Enrollment in this course will be limited. If you are considering taking this course, follow the directions below

Who this course is for

This course is designed for graduate students in Statistics & Data Science who need to know about optimization and the essentials of numerical algorithm design and analysis. My intent is to help them design algorithms for Machine Learning and Data Analysis in their own research. The course could also be useful for graduate students in programs in Economics, SOM, and the sciences. It may also be suitable for some undergraduates. The prerequisites are knowledge of linear algebra, multivariate calculus, and probability.
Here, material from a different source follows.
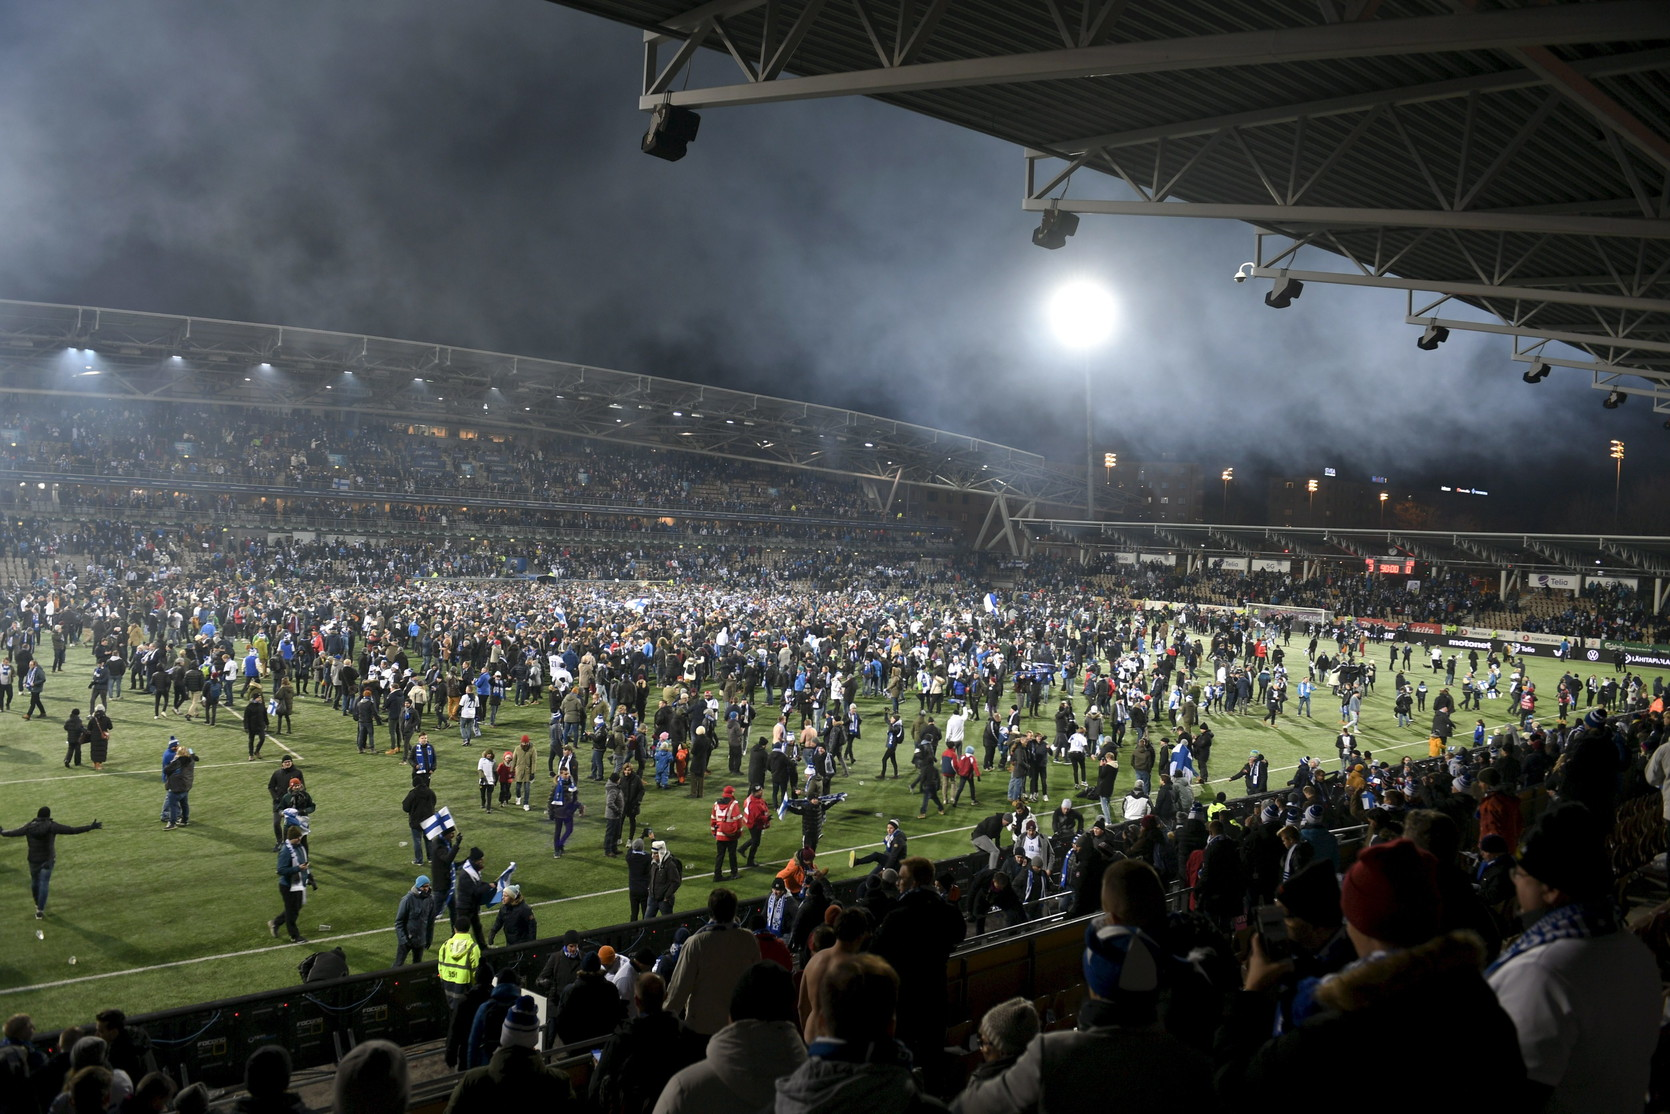 Con il 3-0 al Liechtenstein nel girone dell'Italia, la nazionale scandinava ha staccato il pass per Euro 2020. E' la prima storica qualificazione a un torneo maggiore per nazionali per la Finlandia

Students who have taken Optimization Techniques (S&DS 430 / ENAS 530 / EENG 437 / ECON 413) probably won't get much out of this course. Students who have the time to take many courses are encouraged to instead take a combination of Algorithm Design (CPSC 365/366), Numerical Computation (CPSC 440), Applied Numerical Methods I (ENAS 440), Topics in Numerical Computation (CPSC 640), and some more advanced courses in optimization.

This course will eventually serve as an introduction to more advanced courses in optimization. It contains a lot of material that appears in the current (Fall 2019) version of Optimization Techniques. The next time Optimization Techniques is taught (probably in 2021-2022), it will assume this course as a prerequisite.

Topics to be covered.

Please note that this list of topics does not precisely agree with those advertised on Yale Course Search. And, this is the first time this course is being offered. This means that it is an experiment. I might find that I need to adjust the list of topics as we go.

Measuring the running times of algorithms

• Input size, condition numbers, bit precision, floating point.
• Assumptions under which algorithms run quickly.

Lower Bounds and NP Completeness

• Lower bounds for convex optimization in the oracle model.
• Explanation of NP Hardness, with examples from optimization.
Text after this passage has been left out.